-------- Entries supplied

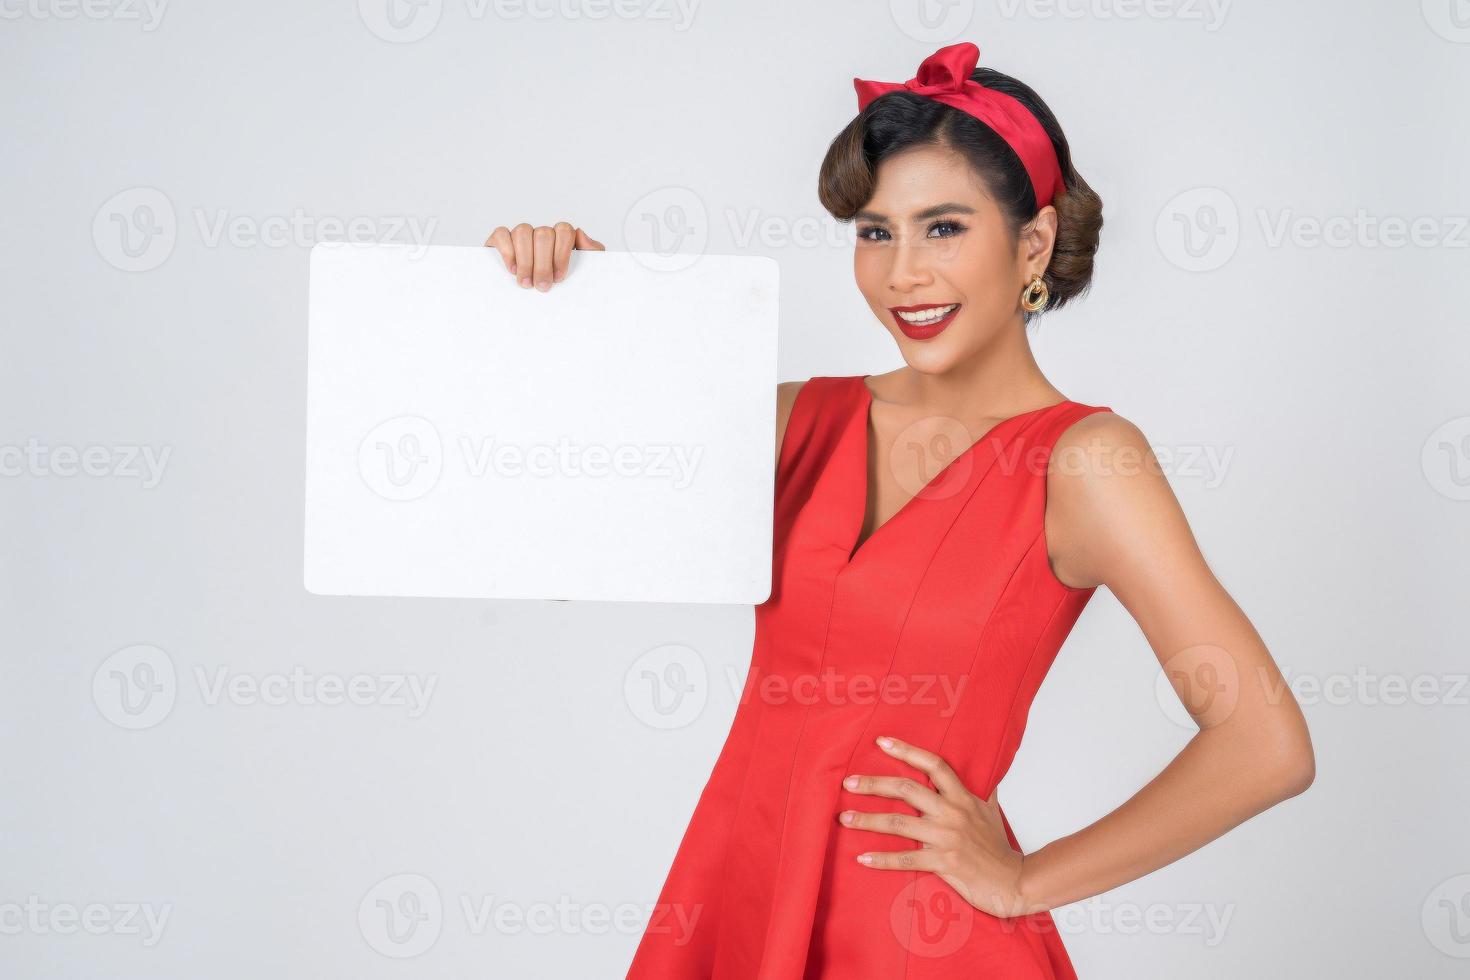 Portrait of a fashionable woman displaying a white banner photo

----------------
-------- Entries supplied

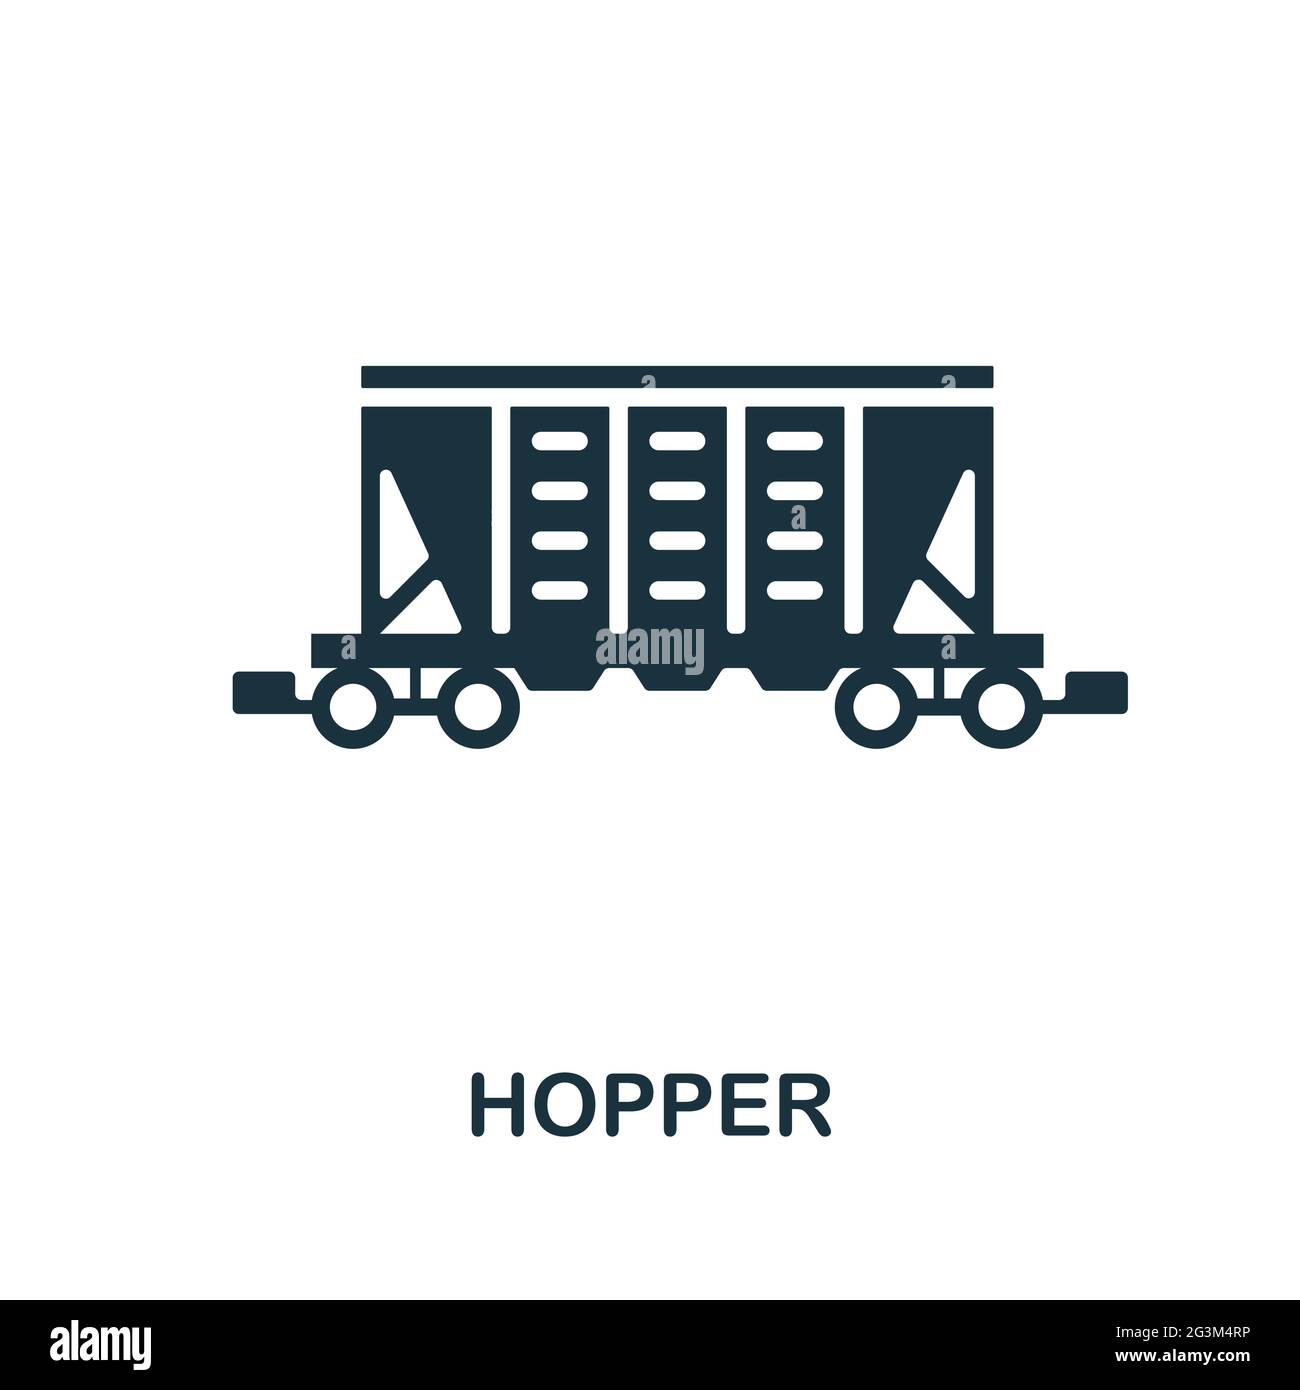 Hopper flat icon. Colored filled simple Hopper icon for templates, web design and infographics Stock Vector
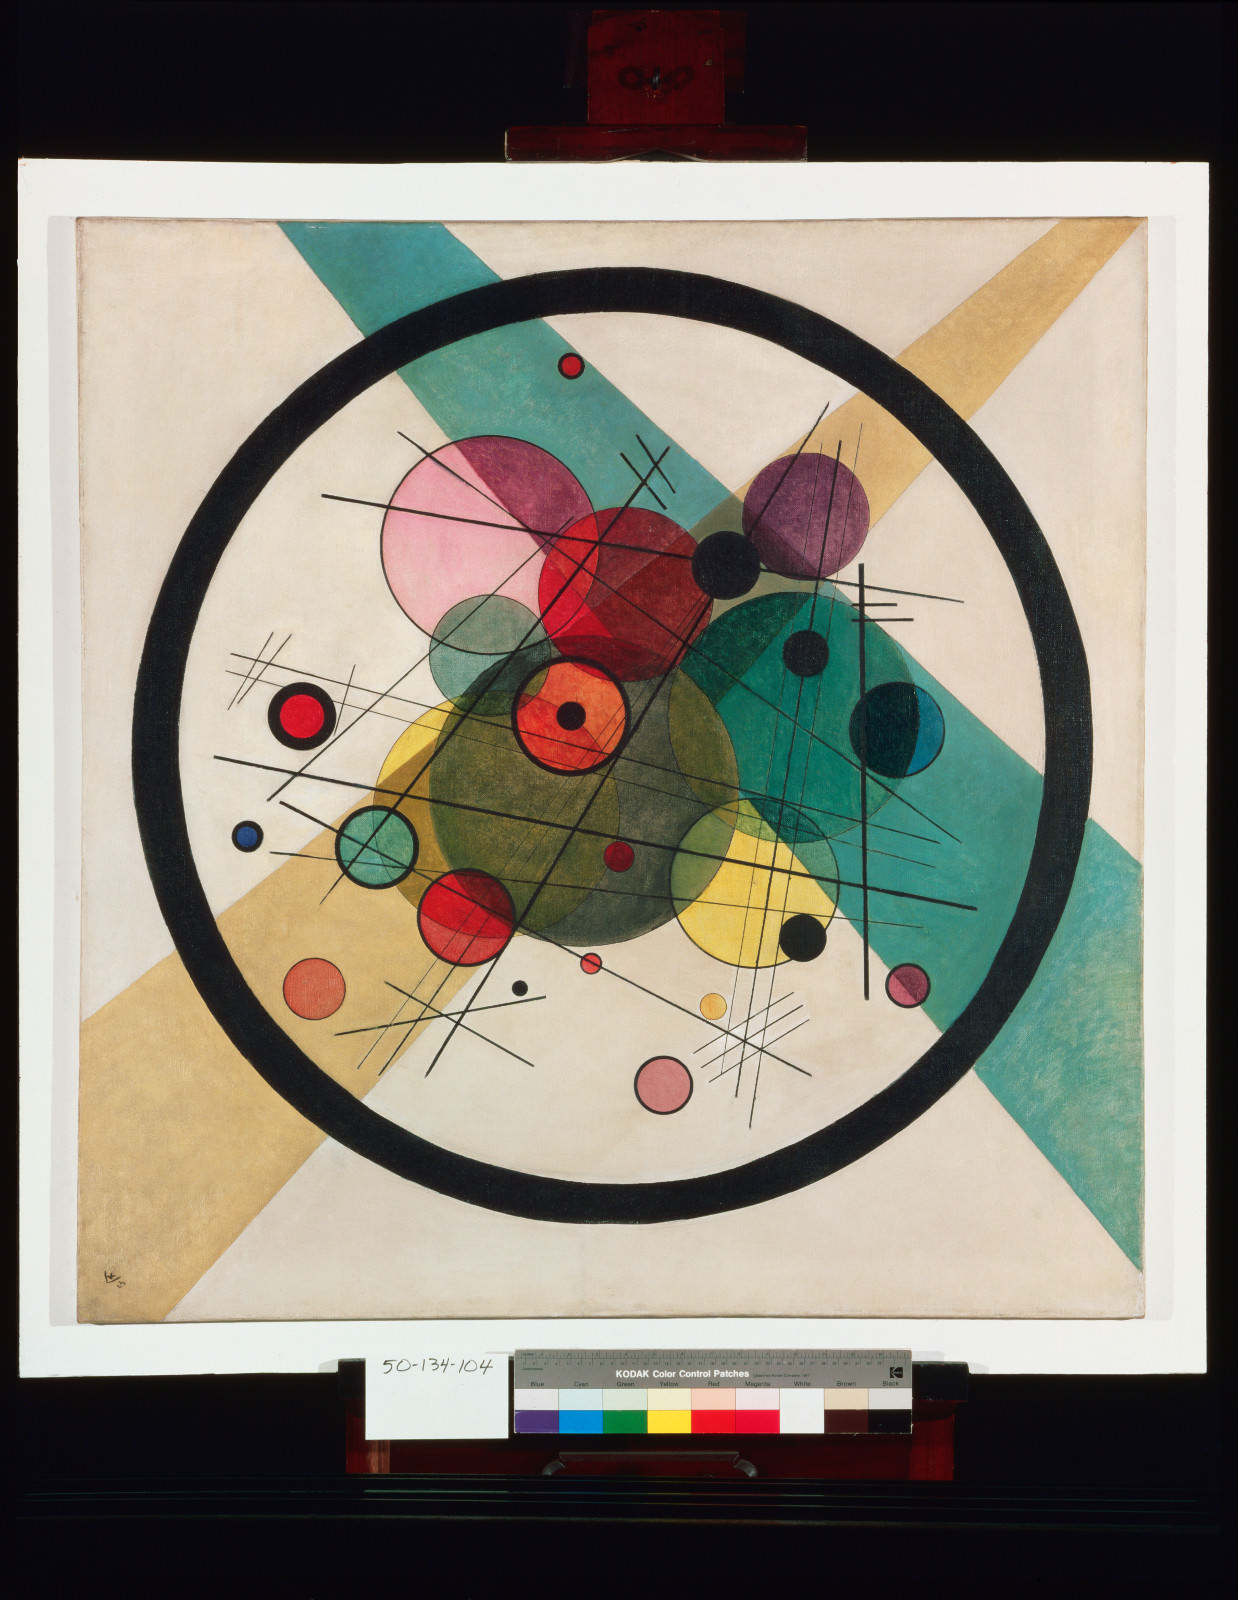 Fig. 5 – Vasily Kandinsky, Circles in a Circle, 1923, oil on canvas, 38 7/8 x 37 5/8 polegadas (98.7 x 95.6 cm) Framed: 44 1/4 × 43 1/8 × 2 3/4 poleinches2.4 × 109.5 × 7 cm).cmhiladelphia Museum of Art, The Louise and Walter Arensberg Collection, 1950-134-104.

----------------
-------- Entries supplied

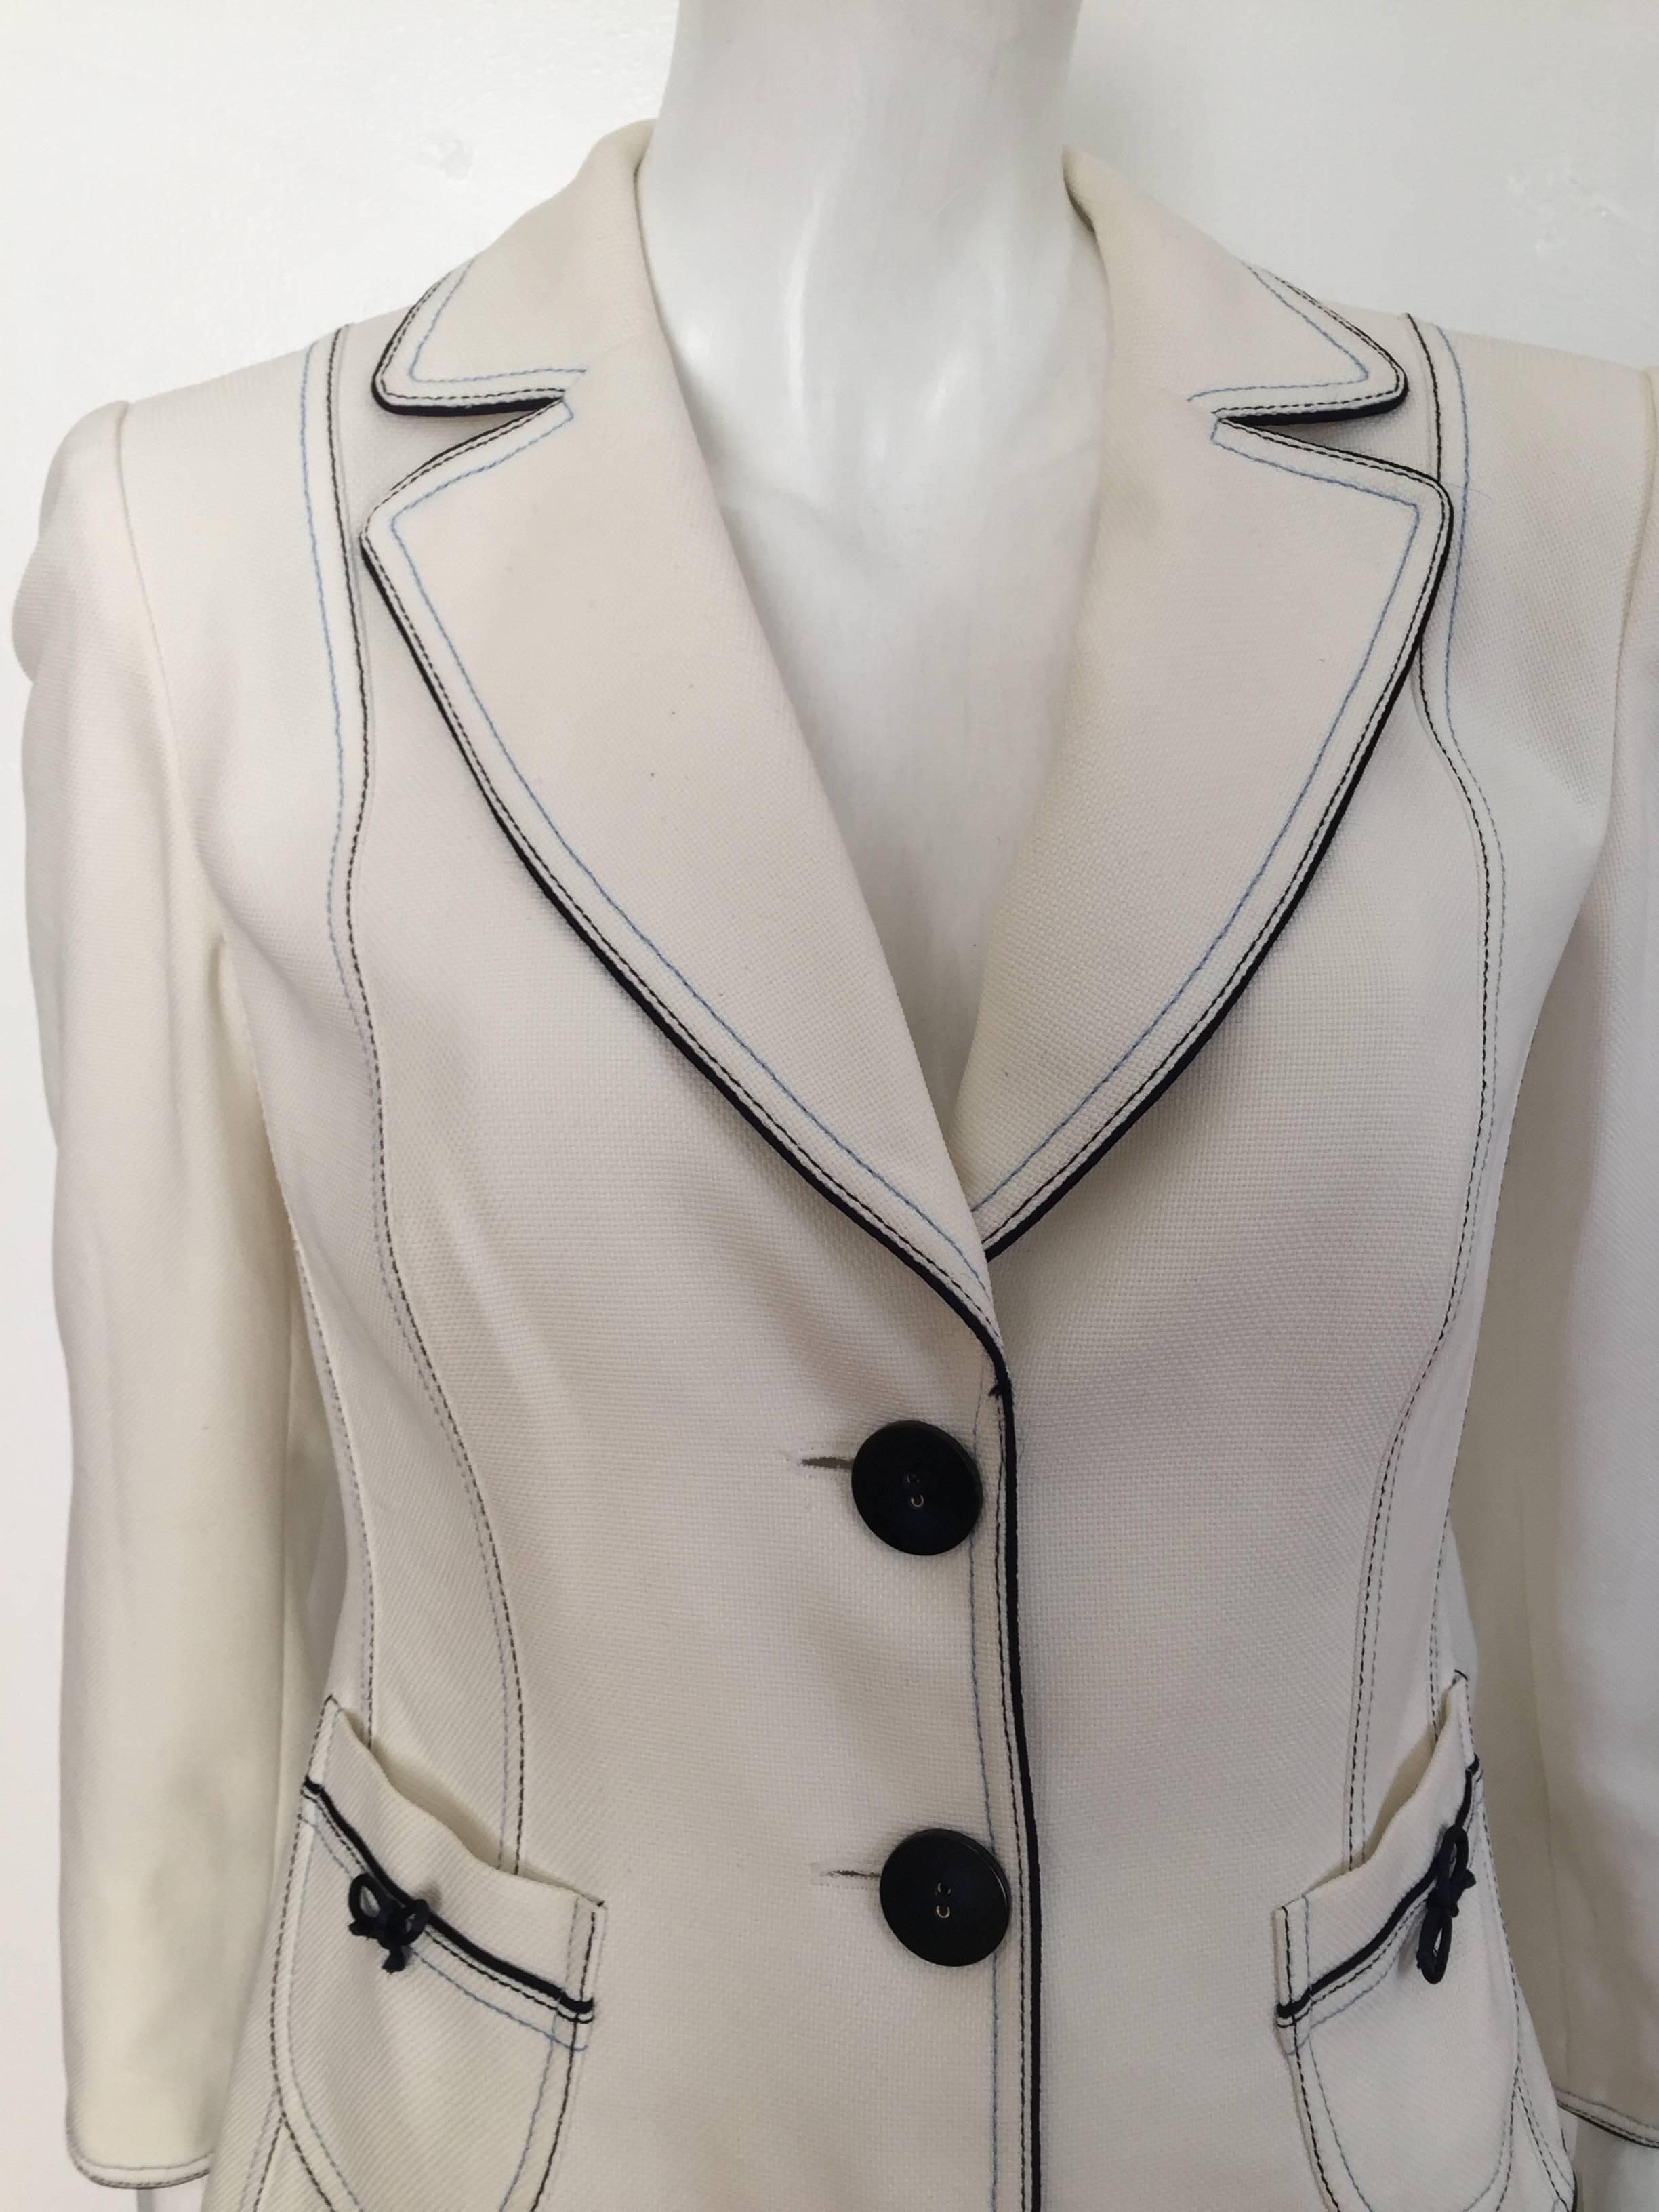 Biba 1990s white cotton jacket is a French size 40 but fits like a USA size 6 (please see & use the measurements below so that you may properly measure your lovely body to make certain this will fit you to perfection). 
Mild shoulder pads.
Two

----------------

Exercise directions:
For the data above, set down exactly the lines from the line with "Hopper flat icon." to the line with "Fig. 5 – Vasily", both included, leaving pictures out.

Answer area:
 Hopper flat icon. Colored filled simple Hopper icon for templates, web design and infographics Stock Vector
 Fig. 5 – Vasily Kandinsky, Circles in a Circle, 1923, oil on canvas, 38 7/8 x 37 5/8 polegadas (98.7 x 95.6 cm) Framed: 44 1/4 × 43 1/8 × 2 3/4 poleinches2.4 × 109.5 × 7 cm).cmhiladelphia Museum of Art, The Louise and Walter Arensberg Collection, 1950-134-104.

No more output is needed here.